A consolidação do marketing de influência como uma das principais forças do branding contemporâneo é incontestável, mas a execução das campanhas ainda esbarra em dores estruturais. No Brasil, embora 94% das corporações reconheçam que parcerias contínuas e de longo prazo com criadores de conteúdo geram retornos mais consistentes, expressivos 70% do mercado ainda concentram suas verbas em ativações puramente táticas e pontuais. Os dados são da Pesquisa ROI & Influência, realizada pela YOUPIX em parceria com a Nielsen.
Este descompasso ganhou contornos mais urgentes após os debates do SXSW 2026. O festival global de inovação chancelou a Creator Economy como uma agenda estratégica de alta liderança e geração de novos negócios, pressionando as marcas a abandonarem os vícios de formatos analógicos de publicidade.
Para Thyago Iasino, diretor de estratégias digitais, canais e conteúdo da HouseCricket, a indústria precisa recalibrar sua visão operacional. “O influenciador deixou de ser mídia. Quem ainda trata creator como espaço publicitário está comprando alcance e abrindo mão do principal ativo dessa relação, que é a confiança construída com a audiência”, pontua o executivo.
Essa transformação é empurrada por uma mudança drástica no comportamento do consumidor. Atualmente, 65% dos internautas brasileiros já efetuaram compras motivados por recomendações nas redes sociais (Opinion Box), ao passo que, na esfera global, o índice de pessoas impactadas por criadores em suas decisões financeiras chega a 86%. O cenário prova que a métrica de sucesso migrou do alcance em massa para a profundidade da conexão.

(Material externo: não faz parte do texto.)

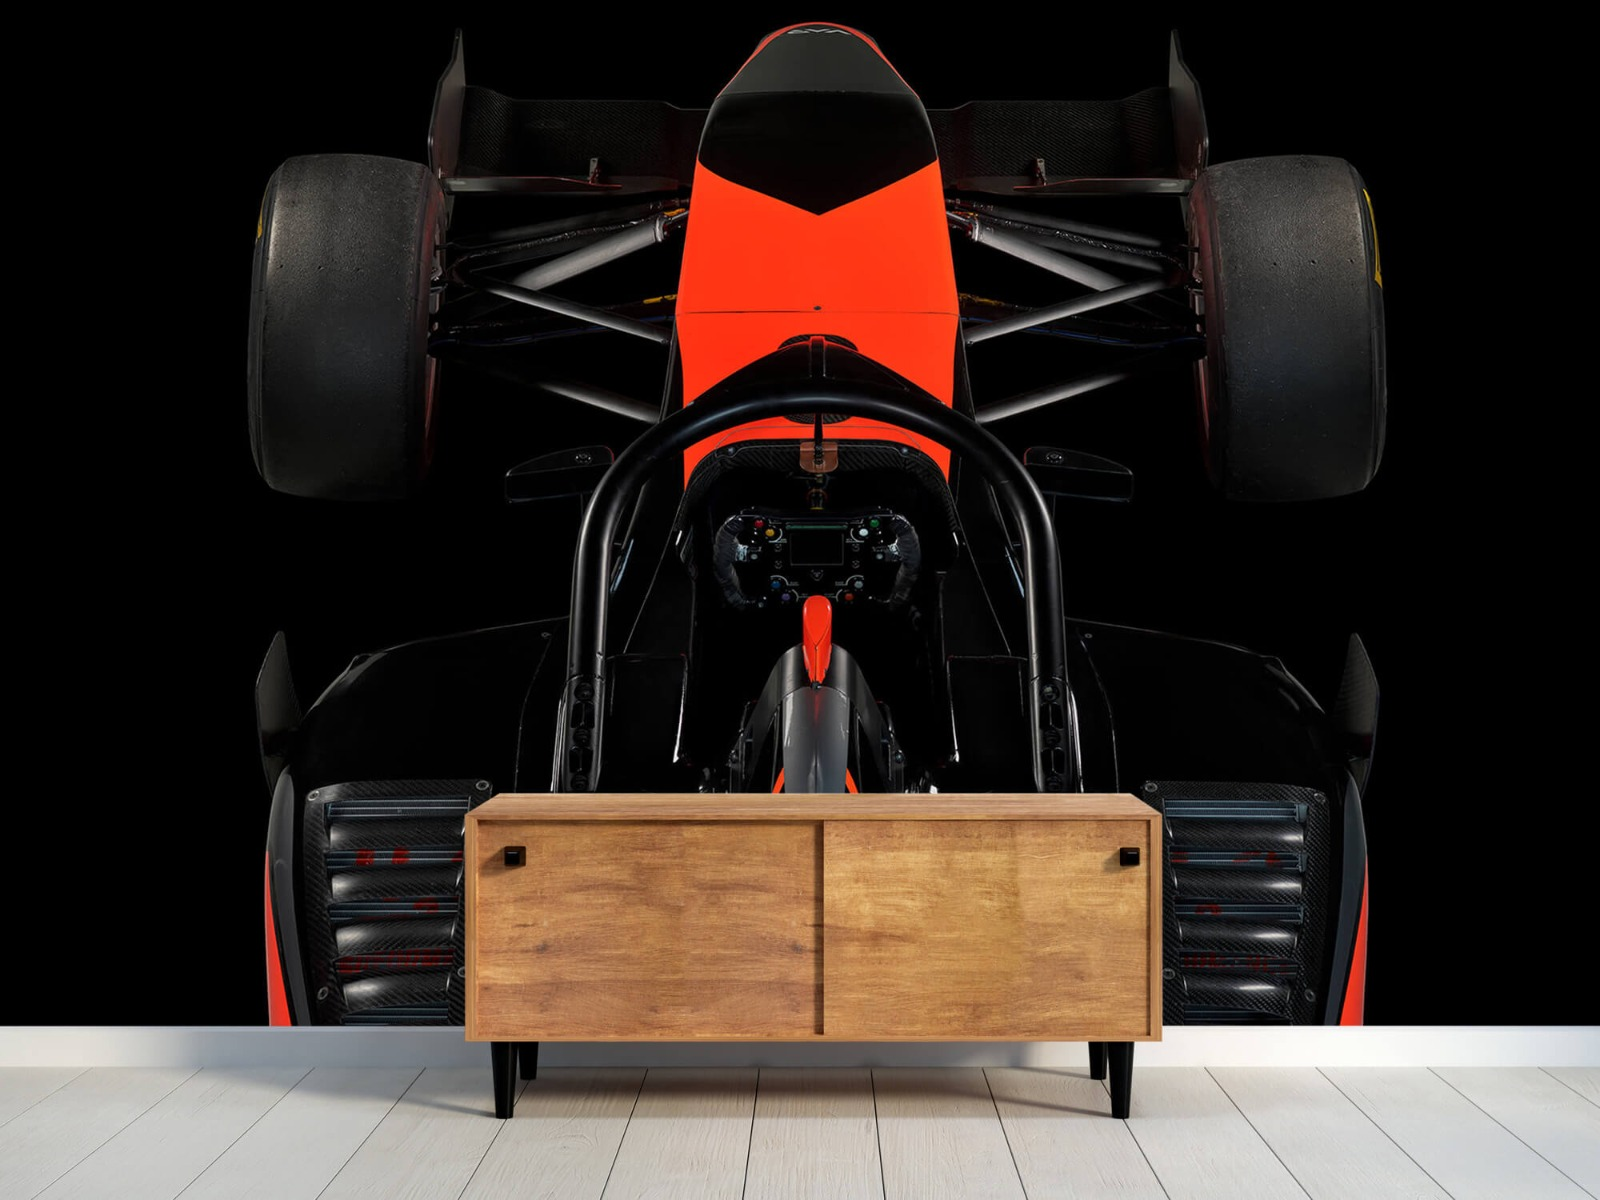 Sportauto's - Formule 3 - Cockpit view - dark - Tienerkamer 9

Um dos grandes consensos do mercado corporativo em 2026 é a transição dos influenciadores de meros canais de distribuição para verdadeiras unidades de negócio independentes. O ecossistema caminha para um modelo onde os creators assumem papéis consultivos, atuando no planejamento de campanhas, na validação de portfólios em laboratórios de inovação e, frequentemente, como sócios e cocriadores de linhas de produtos em regime de joint venture.
Essa sofisticação eleva a régua da cobrança por eficiência. O investimento no setor deixou a gaveta de verbas experimentais de live marketing e passou a exigir um impacto nítido nos principais indicadores de performance (KPIs) das empresas, como custo de aquisição de clientes (CAC), conversão em vendas e ganho de market share.

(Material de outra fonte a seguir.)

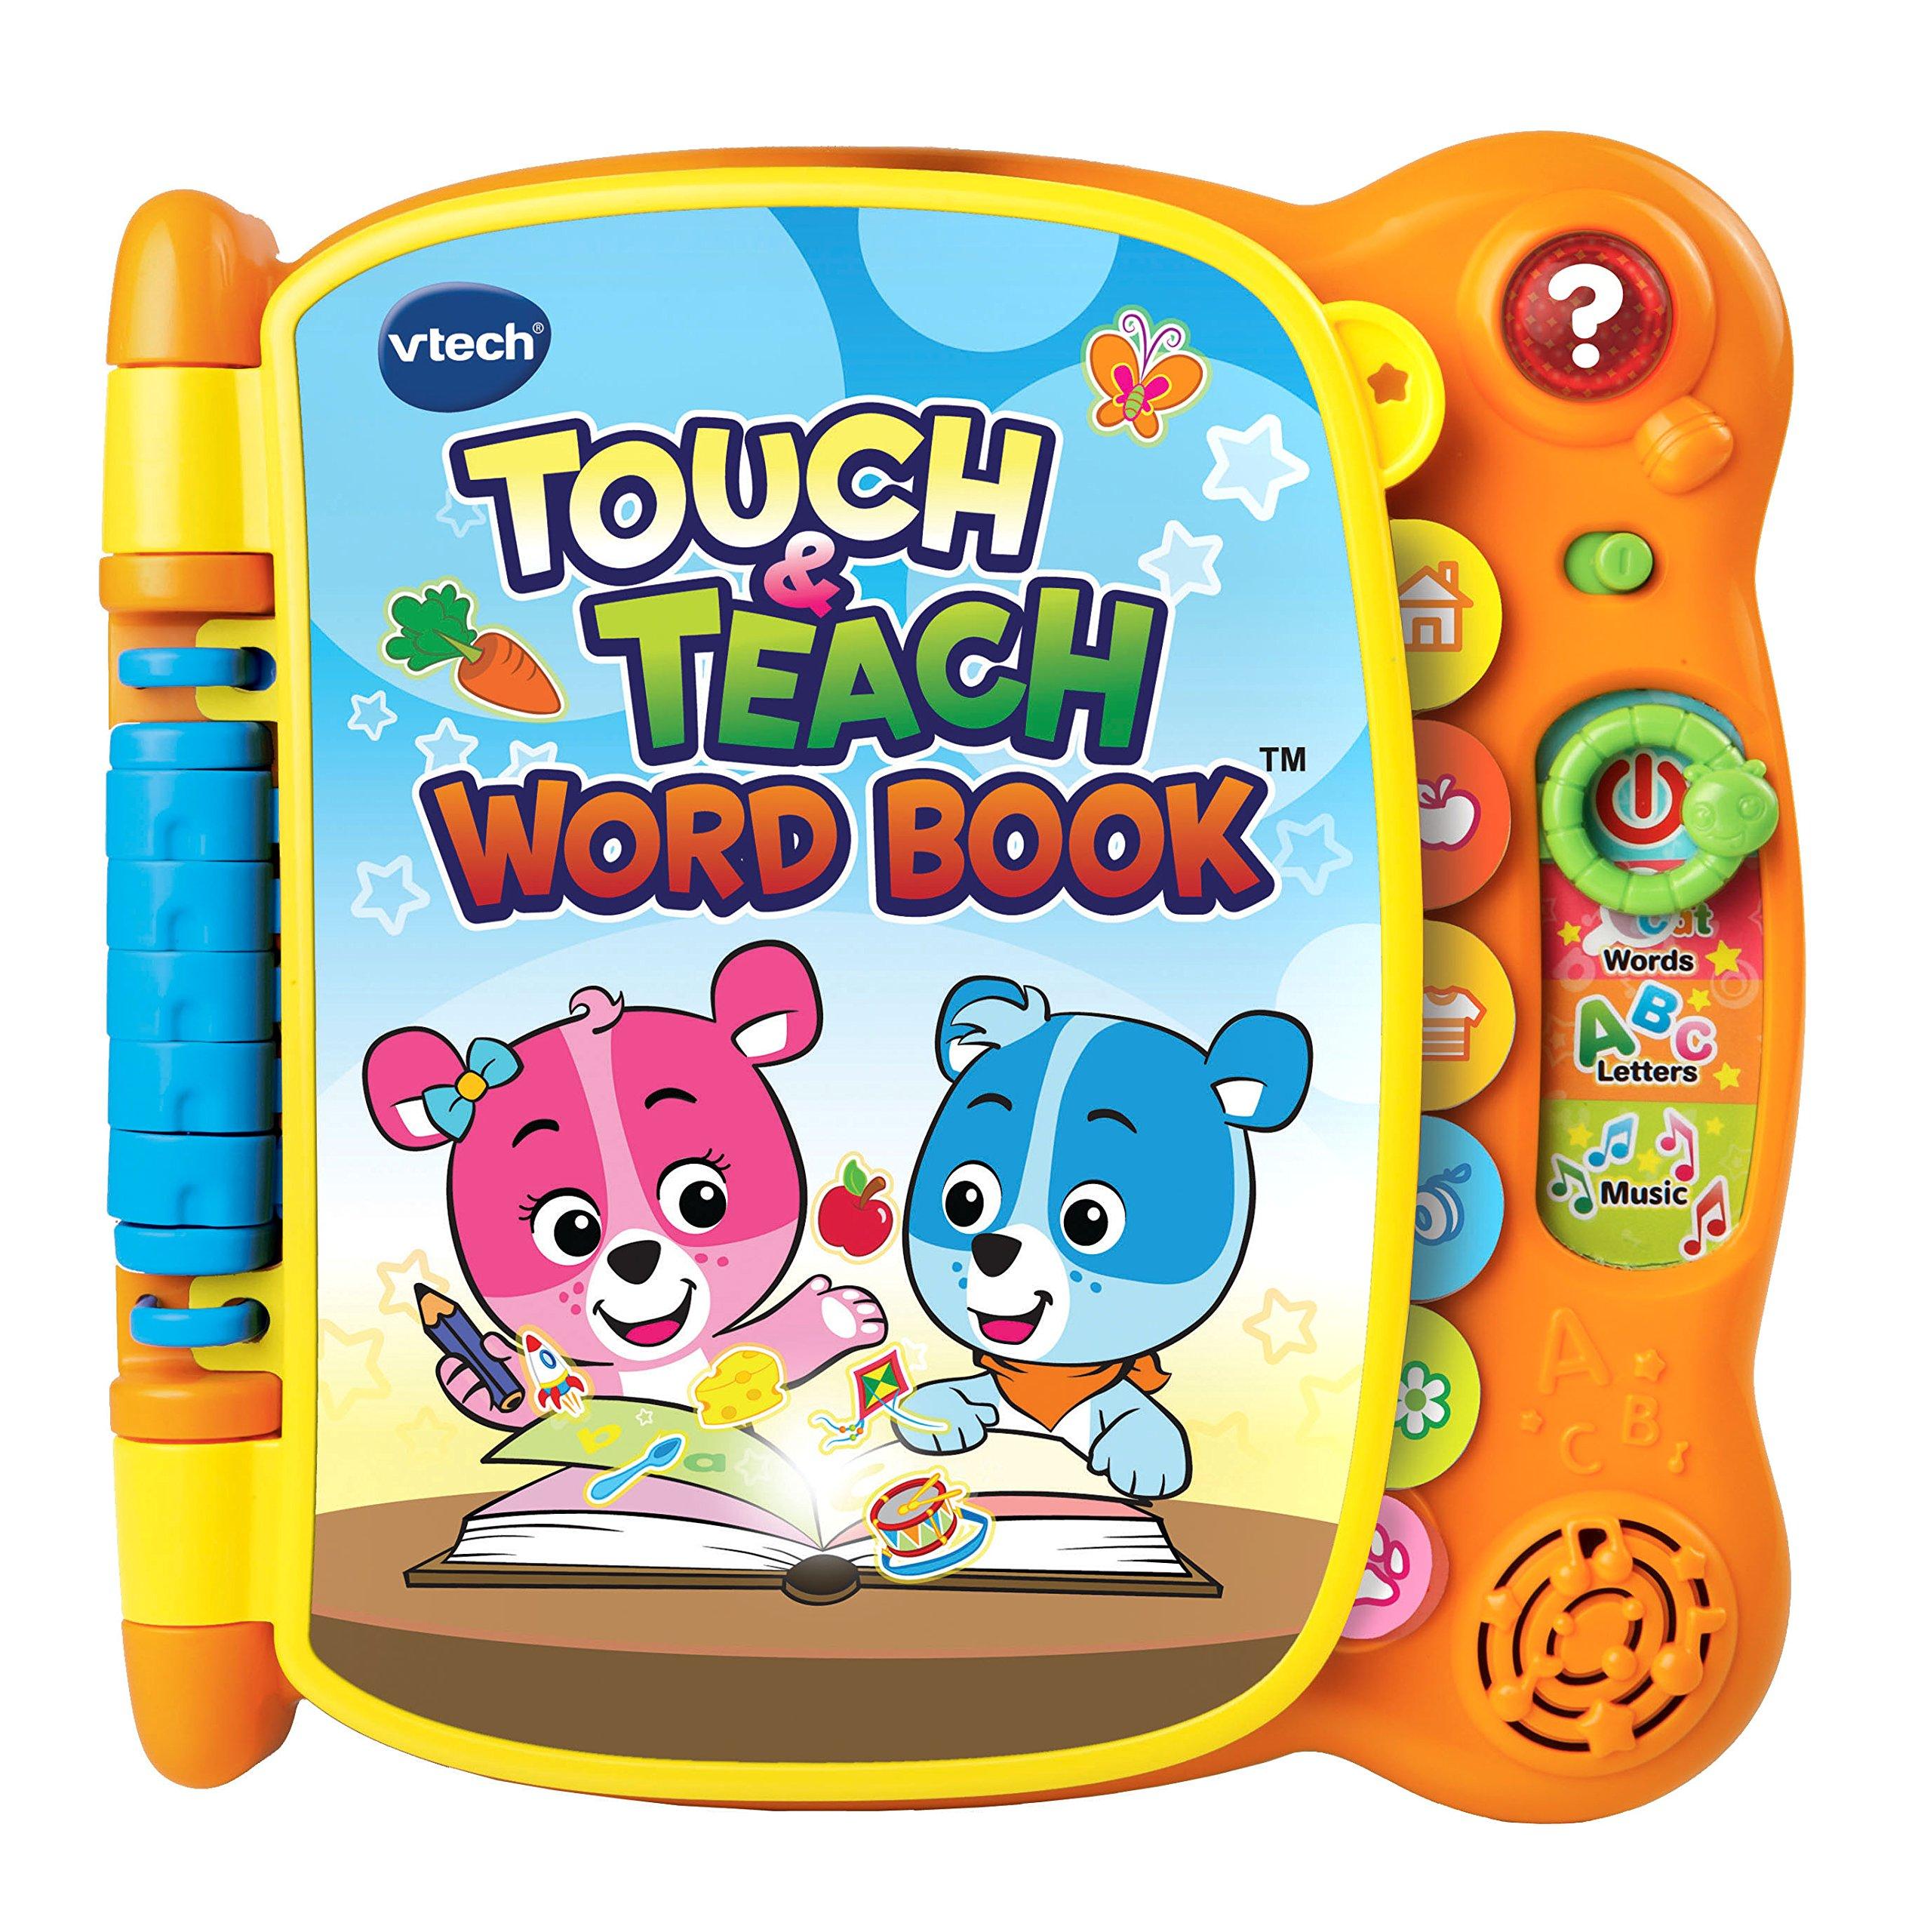 VTech Touch Teach Frustration Packaging

Apesar do amadurecimento conceitual, a comprovação de dados continua sendo o calcanhar de Aquiles das agências e marcas. De acordo com o relatório Influencer Trends 2026, assinado pela Ogilvy, metade dos profissionais de marketing globais (50%) admite não ter ferramentas ou processos claros para provar o retorno financeiro (ROI) de suas ações com influenciadores. Mais grave ainda: 44% das campanhas rodam sem metas preestabelecidas.

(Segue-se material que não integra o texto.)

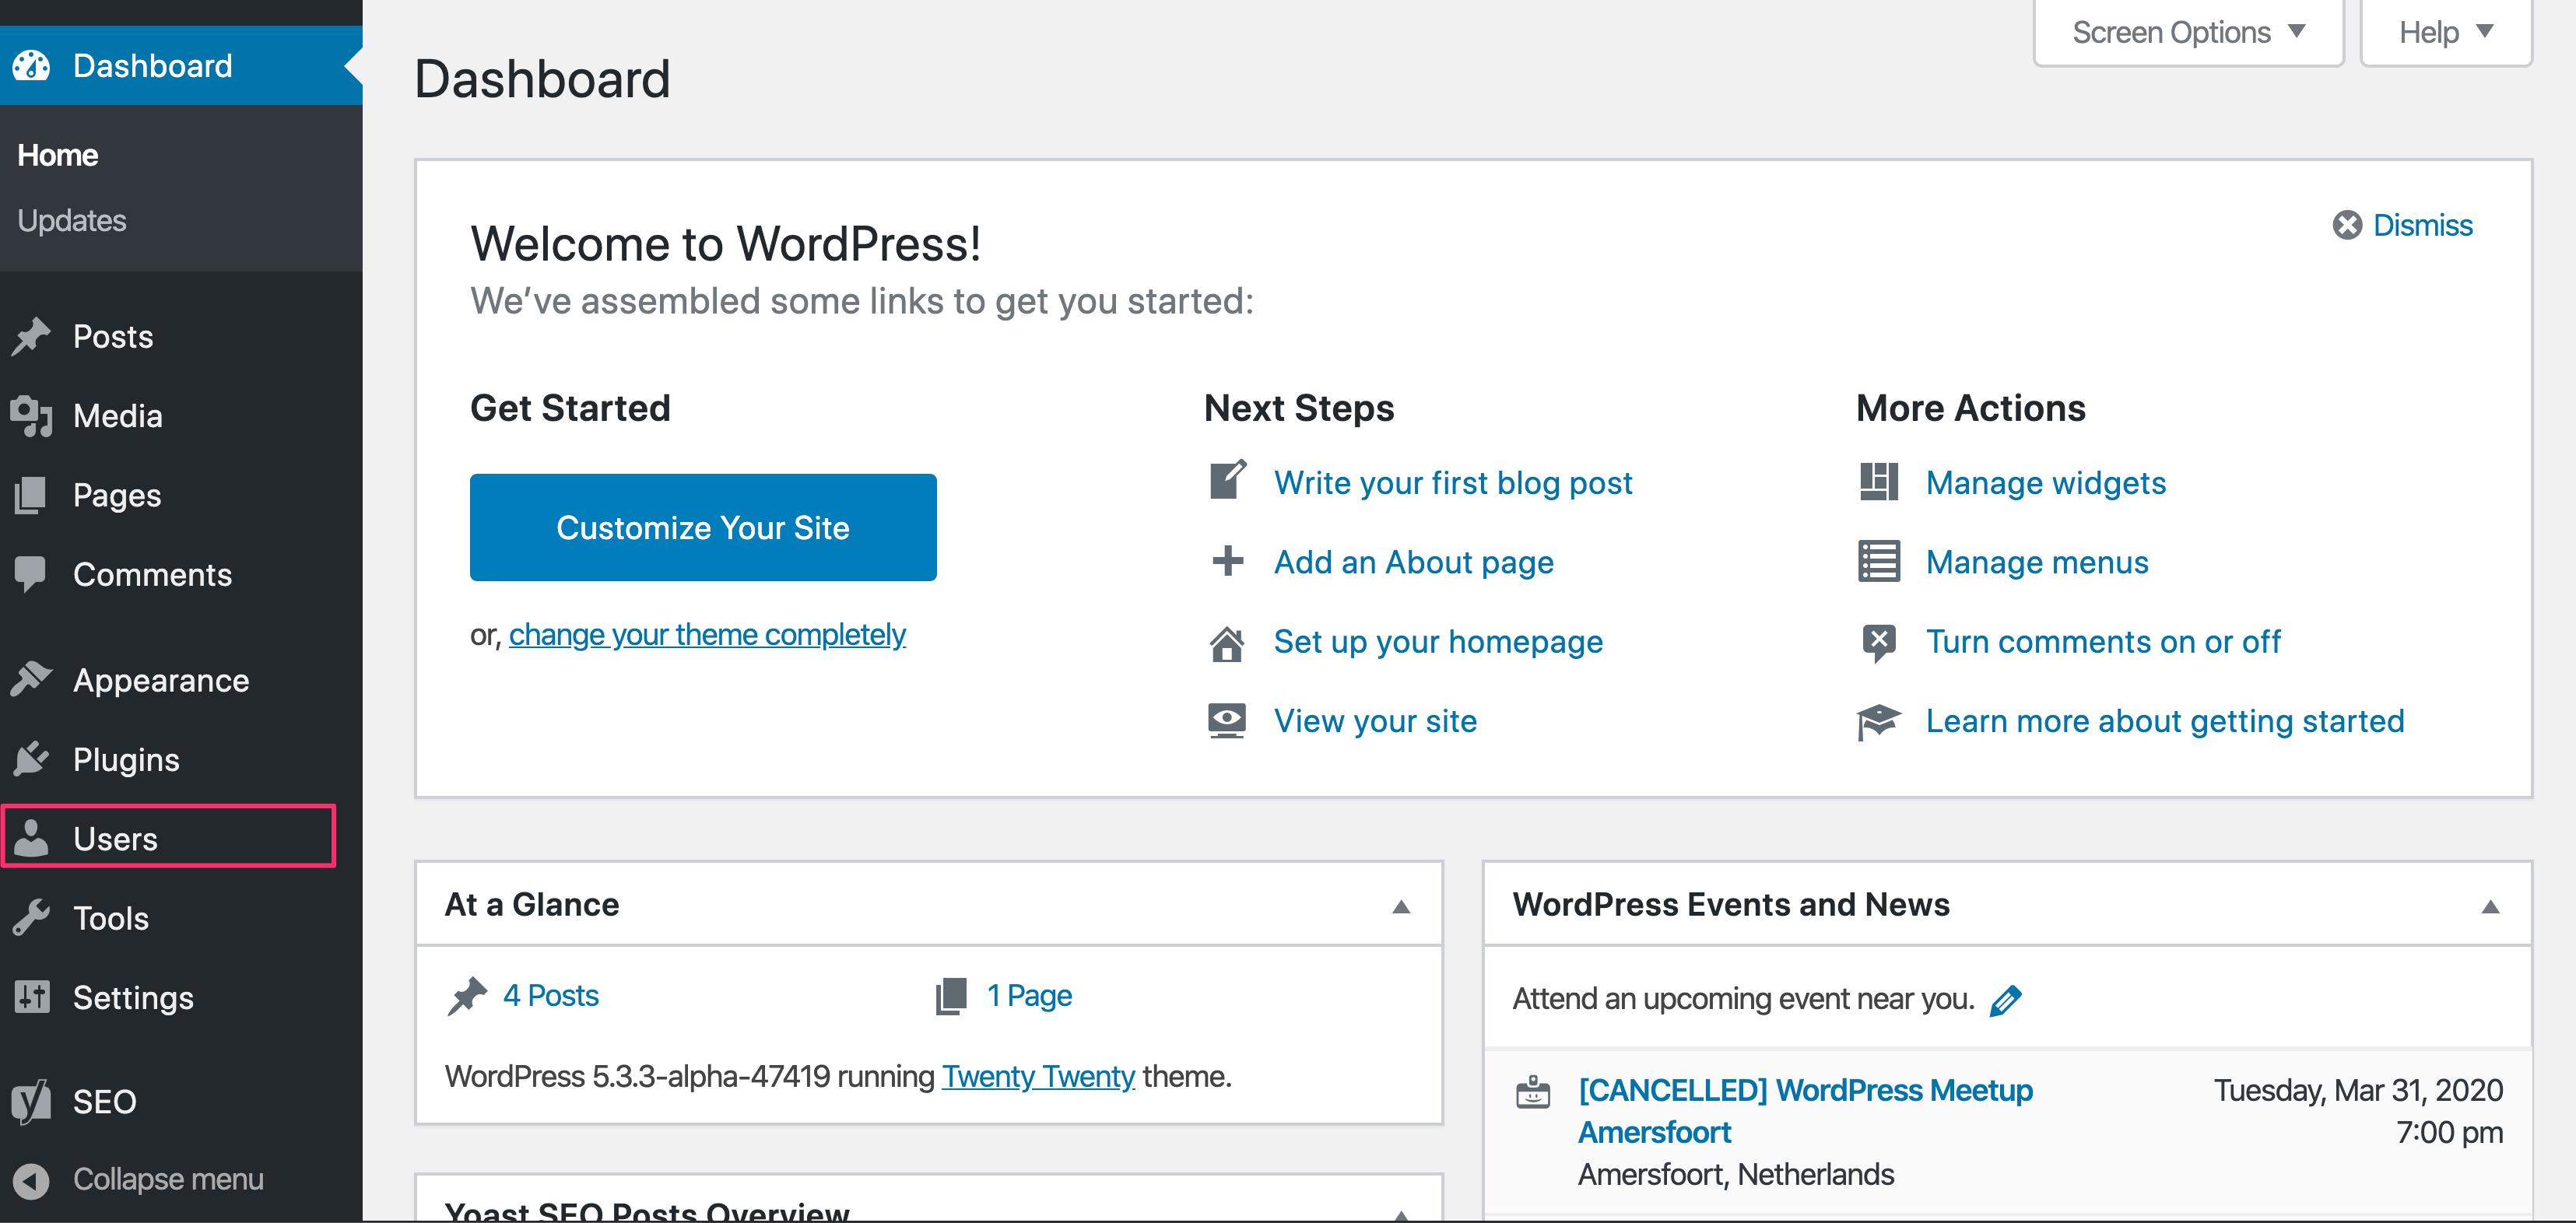 The users admin menu in WordPress

Com o aumento expressivo dos aportes financeiros na Creator Economy, o mercado caminha a passos largos para um cenário de severa cobrança por maturidade profissional. As marcas que saírem na frente serão aquelas que entenderem que o marketing de influência não se resume a um post pago no feed, mas sim a uma construção de reputação a longo prazo, cujo ativo final é a confiança do consumidor.